* Task to carry out
Everything from the line containing "Cho Thuê Căn" to the last line of the material below must be retyped exactly, both ends included; skip the pictures.

* Data section
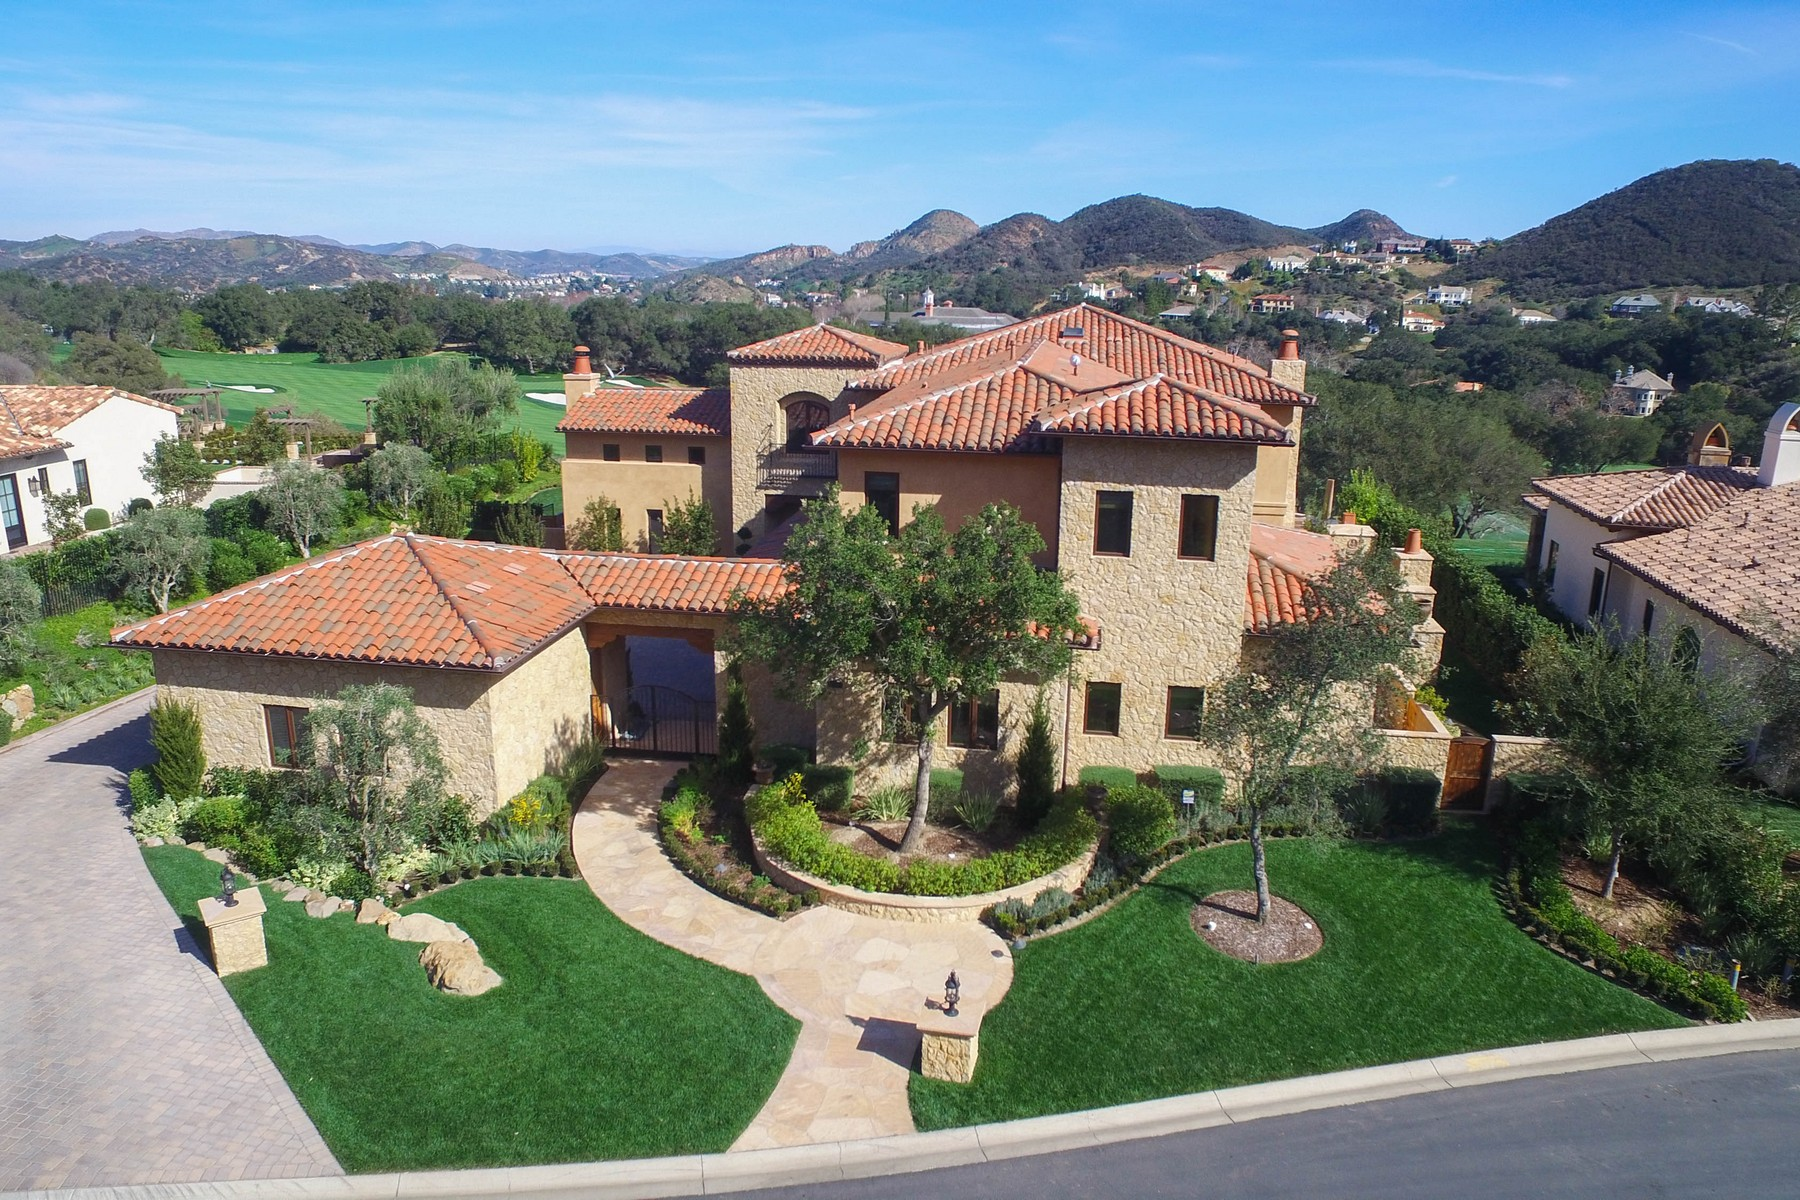 Casa Unifamiliar por un Venta en Ladbrook Way 2550 Ladbrook Way Thousand Oaks, California, 91361 Estados Unidos
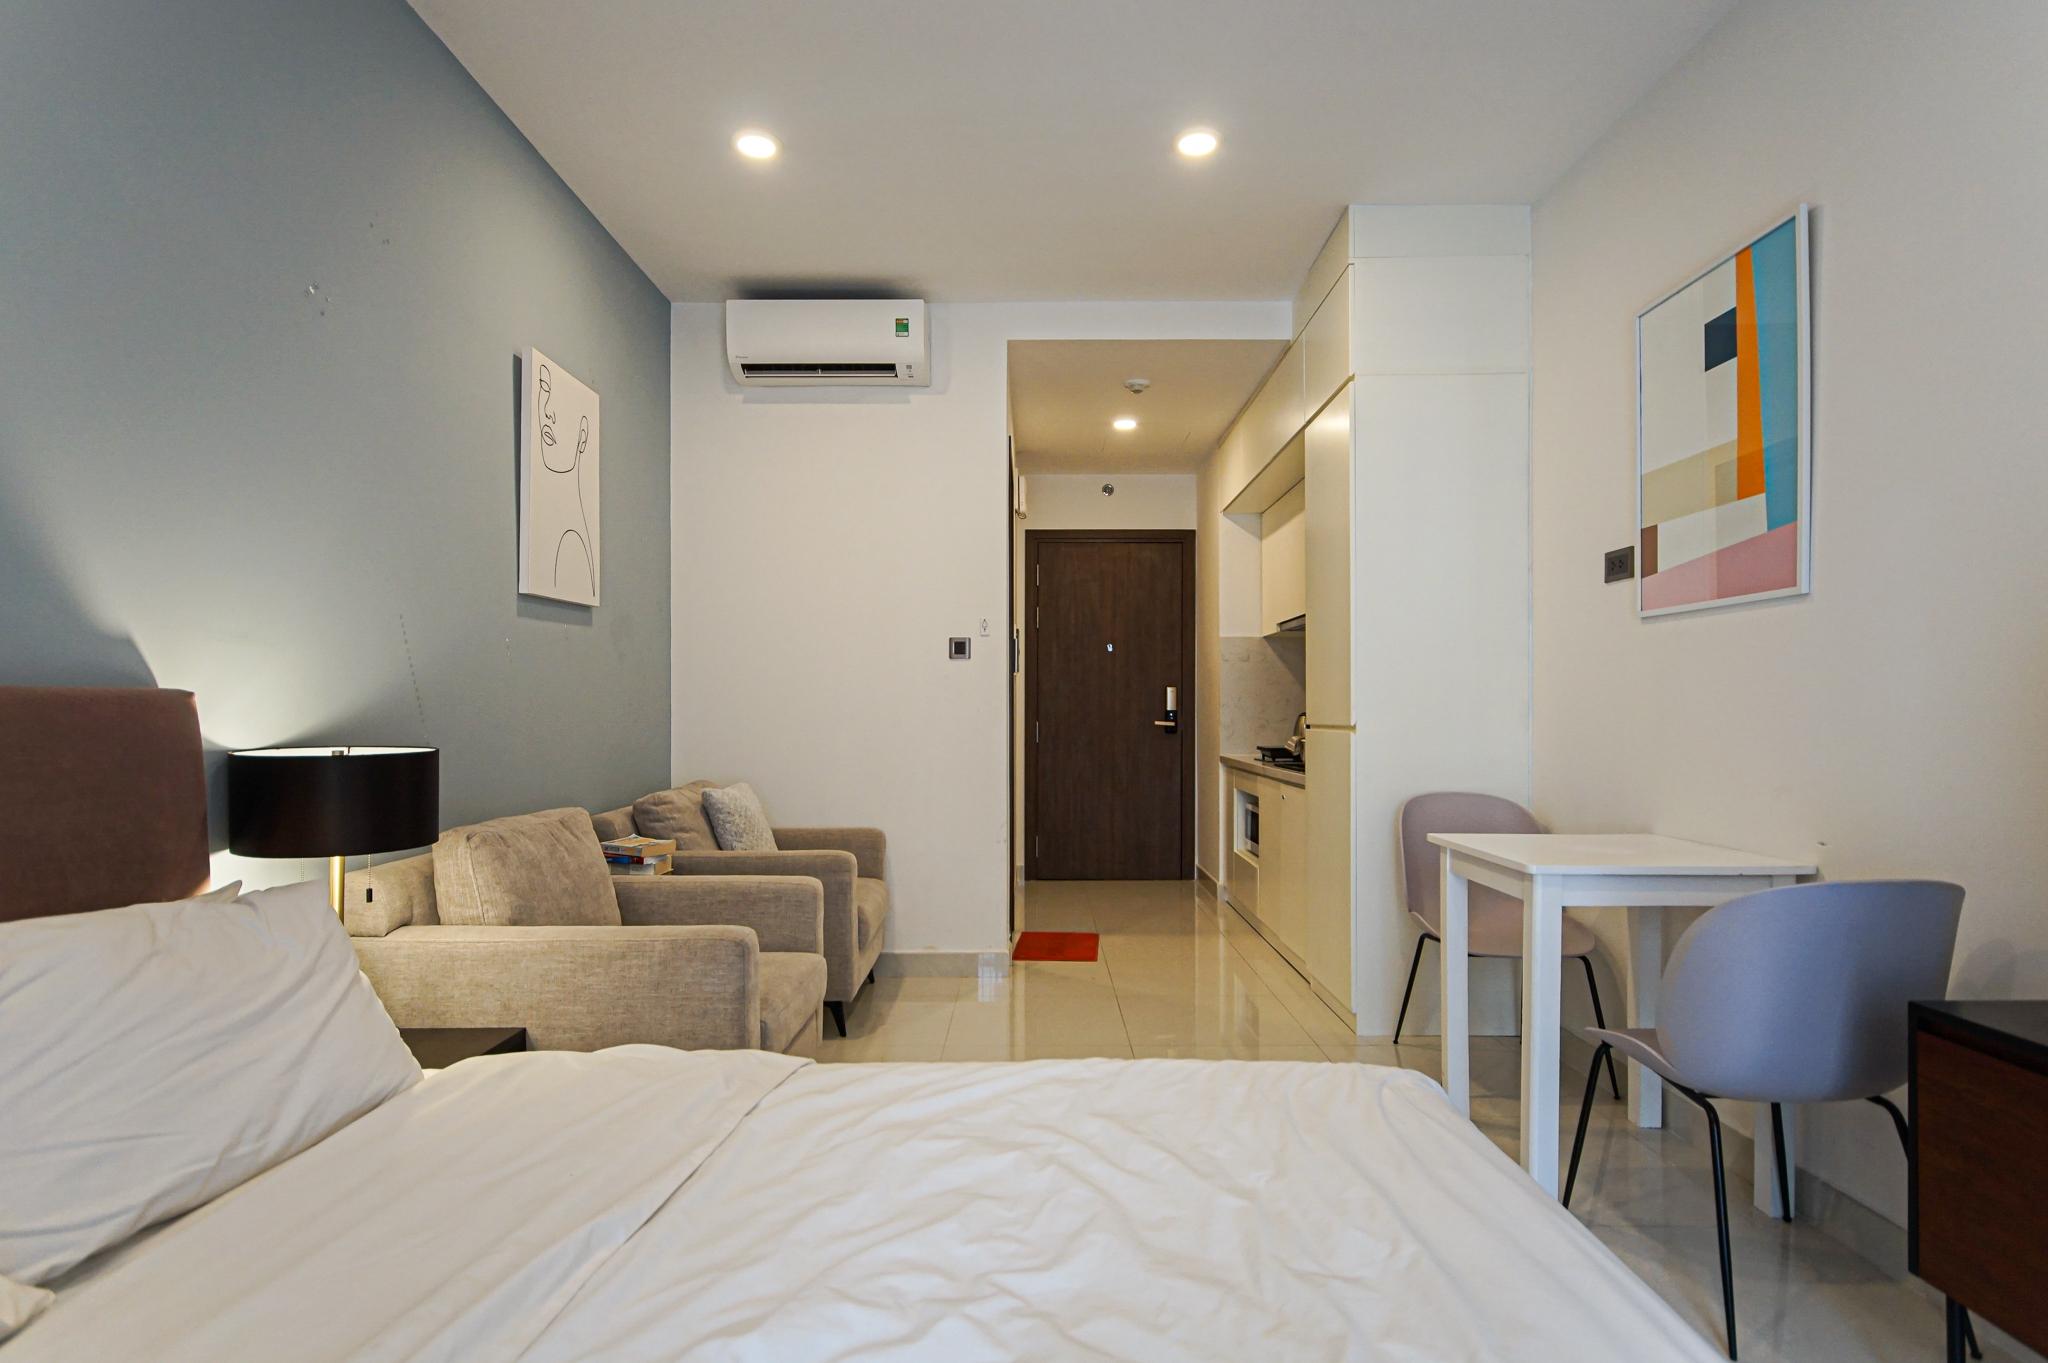 Cho Thuê Căn hộ Office-te 1 PN Saigon Royal Residence - Đầy Đủ Nội Thất & Nghệ Thuật -6
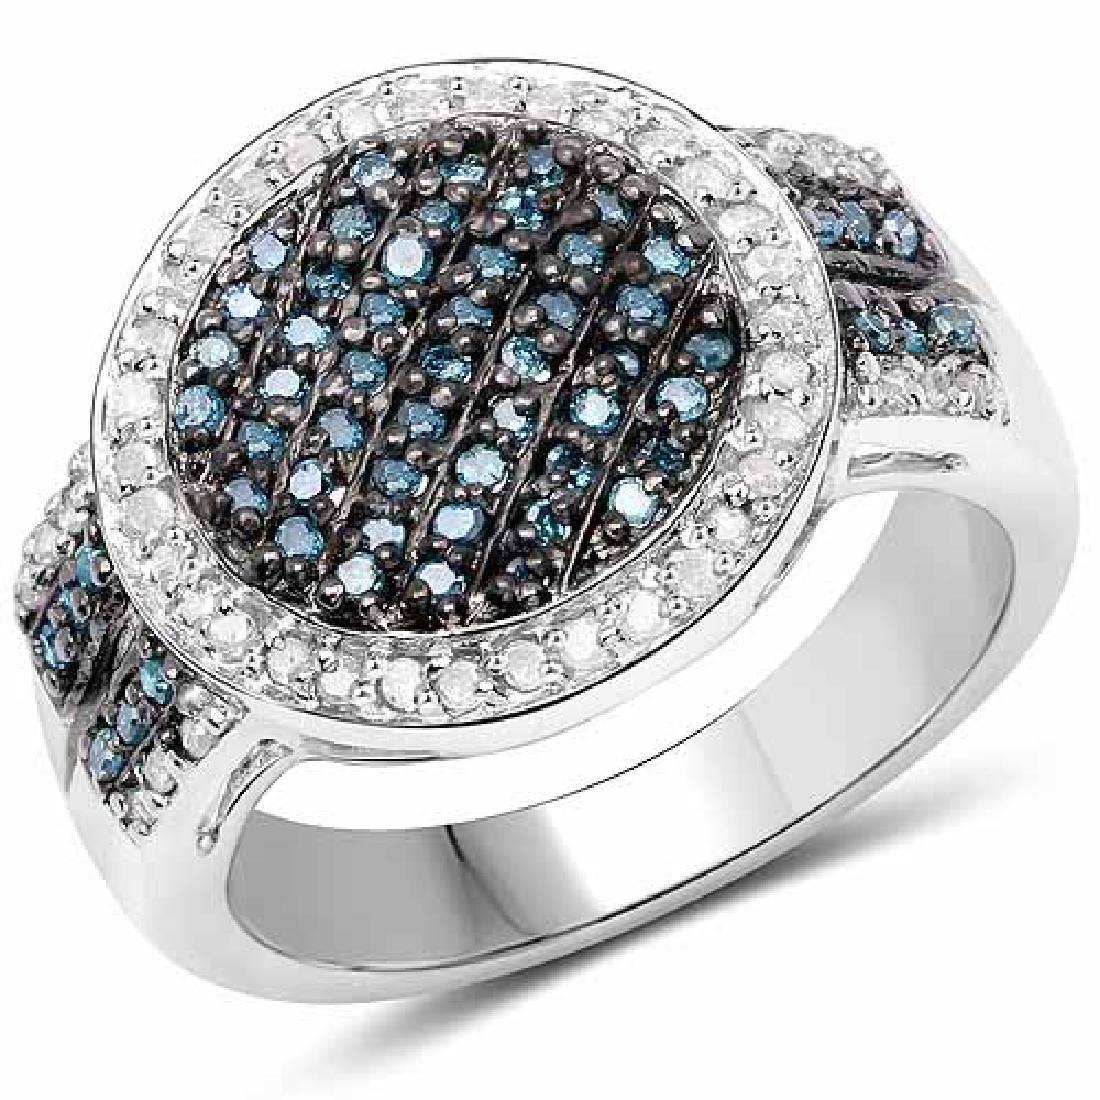 0.44 Carat Genuine Blue Diamond and White Diamond .925

* Written reply
 Cho Thuê Căn hộ Office-te 1 PN Saigon Royal Residence - Đầy Đủ Nội Thất & Nghệ Thuật -6
 0.44 Carat Genuine Blue Diamond and White Diamond .925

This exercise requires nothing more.